Addressing this limitation would require more extensive reconnaissance drilling of aquifer properties to improve model performance (Hubbard et al. 1999; Adombi et al. 2021; Rödiger et al. 2023). Additionally, the interference between single-layer and multilayer systems, particularly evident in the western Hoauz, poses challenges to accurately predicting subtratum heights in this region. Furthermore, the study highlights the potential benefits of incorporating supplementary data sources beyond core geospatial datasets like topography, piezometry, and permeability. Integration of hydraulic head time series, recharge estimates, geophysical surveys, and geological maps could provide added constraints for data-driven modeling and enhance prediction capabilities (Yeh et al. 2008; Abowarda et al. 2021). However, the scarcity of such ancillary measurements precluded their inclusion in the current study, suggesting avenues for future research and data collection efforts.

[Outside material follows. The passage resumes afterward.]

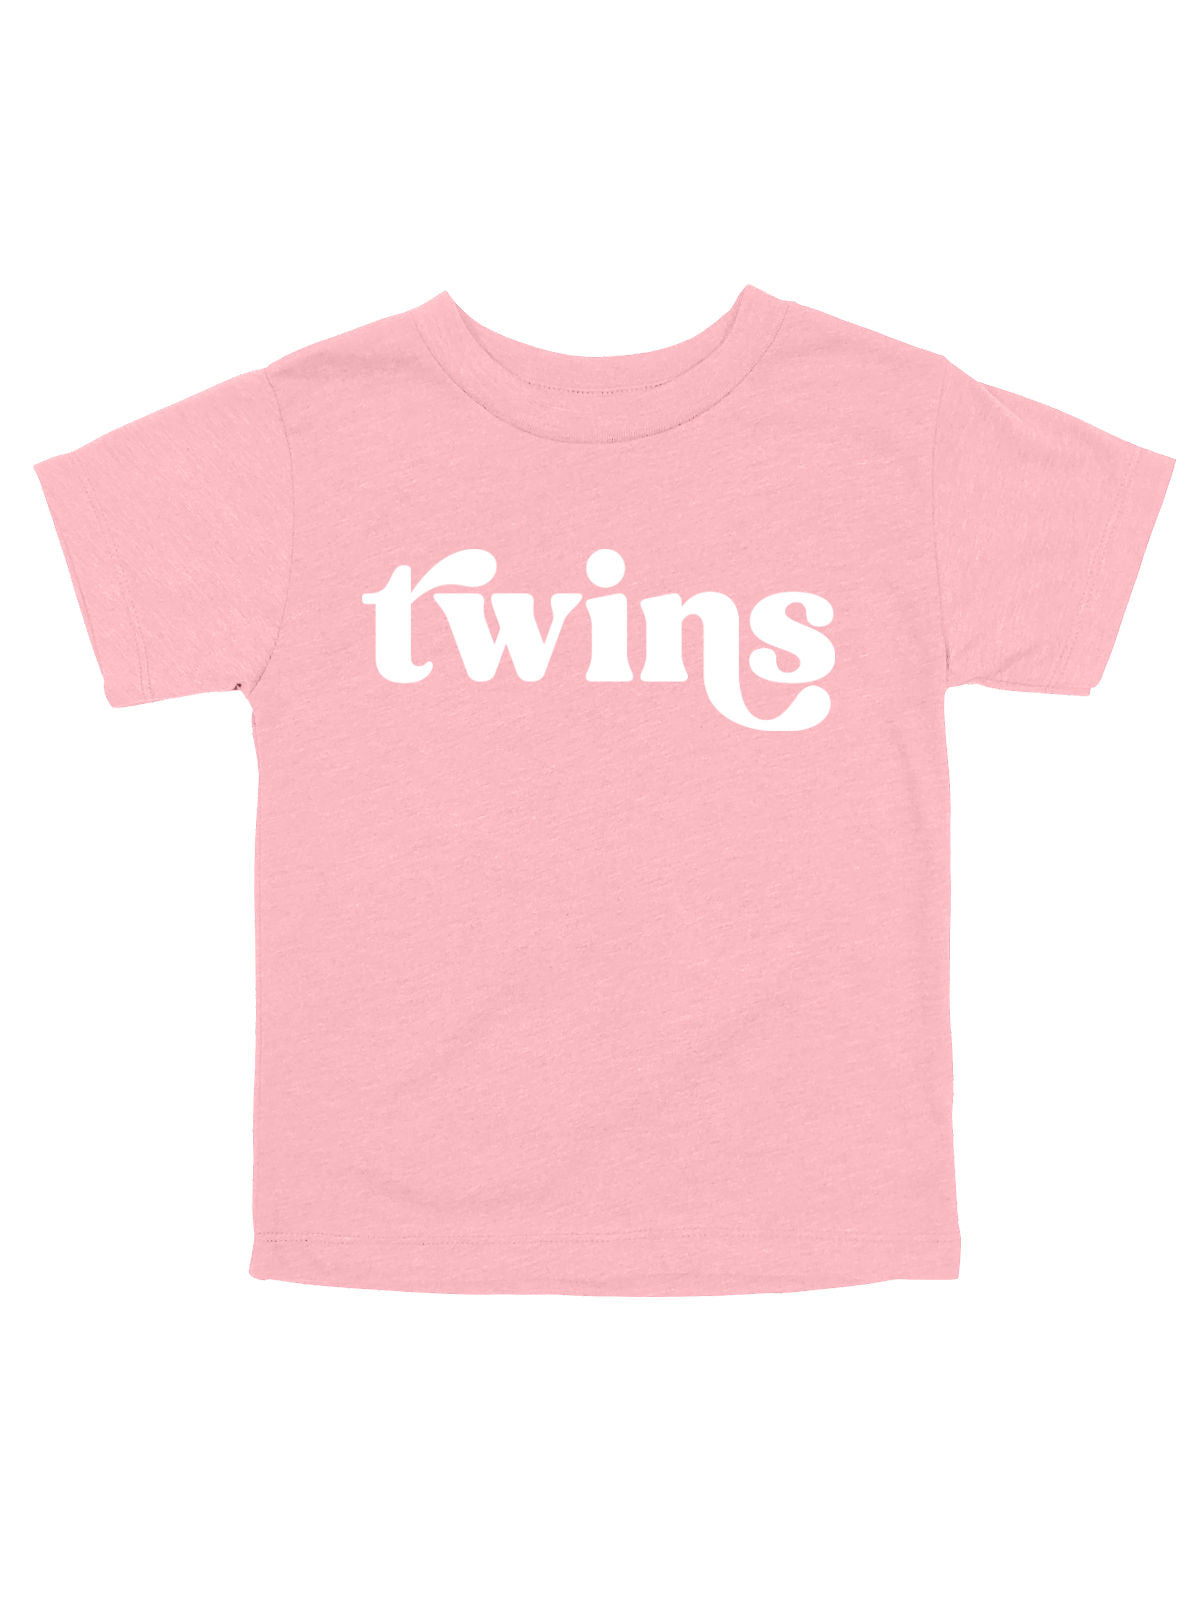 Kids Twins Shirt in Pink

Moreover, while the explainability of machine learning models, such as the Gaussian process regression (GPR) model, provides valuable insights, the black-box nature of neural network models hinders understanding of their internal workings and diagnosing mispredictions. Adopting optimized interpretable algorithms could aid in enhancing trustworthiness and diagnostic capabilities of the models (Razavi 2021; Tabasi et al. 2022; Alshehri and Rahman 2023) Additionally, advancements in subsurface measurement technologies and diverse data integration hold promise for unlocking the full potential of machine learning for robust aquifer geometry characterization.

Despite the significant potential demonstrated by machine learning and deep learning models in revealing subsurface structures, there are still limitations to their overall applicability, particularly in the context of the AL Haouz region. To address these challenges, the integration of enhanced field observations, infusion of domain knowledge, and fusion of specialized deep learning techniques with holistic machine learning approaches are recommended to enhance the robustness of illuminating complex aquifer architectures. This multifaceted approach could lead to more accurate and reliable predictions, facilitating better management and conservation of groundwater resources in semiarid regions like AL Haouz.

Conclusions

This study demonstrates the novel capabilities of data-driven modeling for high-resolution aquifer base mapping, integrating sparse borehole data with regional datasets to produce accurate three-dimensional substrates. The Gaussian process model achieved remarkable generalization capability, evident in consistent validation and testing errors around 60 m RMSE alongside exceptional 0.84 R2 performance. Visualizations and multiple vertical transects confirmed clear differentiation of western, central, and eastern zones via abrupt substrate changes, affirming geological interpretations on structural constraints governing modern flow.

Aquifer thickness maps revealed significant deposits in western and central areas, likely from paleoclimatic fluvial shifts. Meanwhile, minimal strata and erosion manifested as shale outcrops in the north. The complex morphologies of valleys and depressions correspond to intricate patterns along subsurface profiles, highlighting how paleodrainage systems and structural events still influence modern reservoirs.

Comparisons showed multivariate models incorporating diverse data sources achieved superior accuracy over specialized bivariate networks. However, concentrating on key elevation–substrate relationships offered valuable interpretability and transferability. Isolating this linkage provided new details on how surface topography governs subsurface geometries, imparting insights applicable even in data-scarce regions.

By generating high-fidelity 3D aquifer architecture maps without direct drilling, the demonstrated methodology can guide groundwater modeling and sustainability amidst development pressures. Expanding model fusion and physics-infused training further offer untapped potential. Overall, by unraveling the hidden intricacies of vital systems, this study establishes machine learning’s indispensable role in illuminating aquifers to meet rising water challenges not only in the AL Haouz-Mejjate region but also in similar areas worldwide.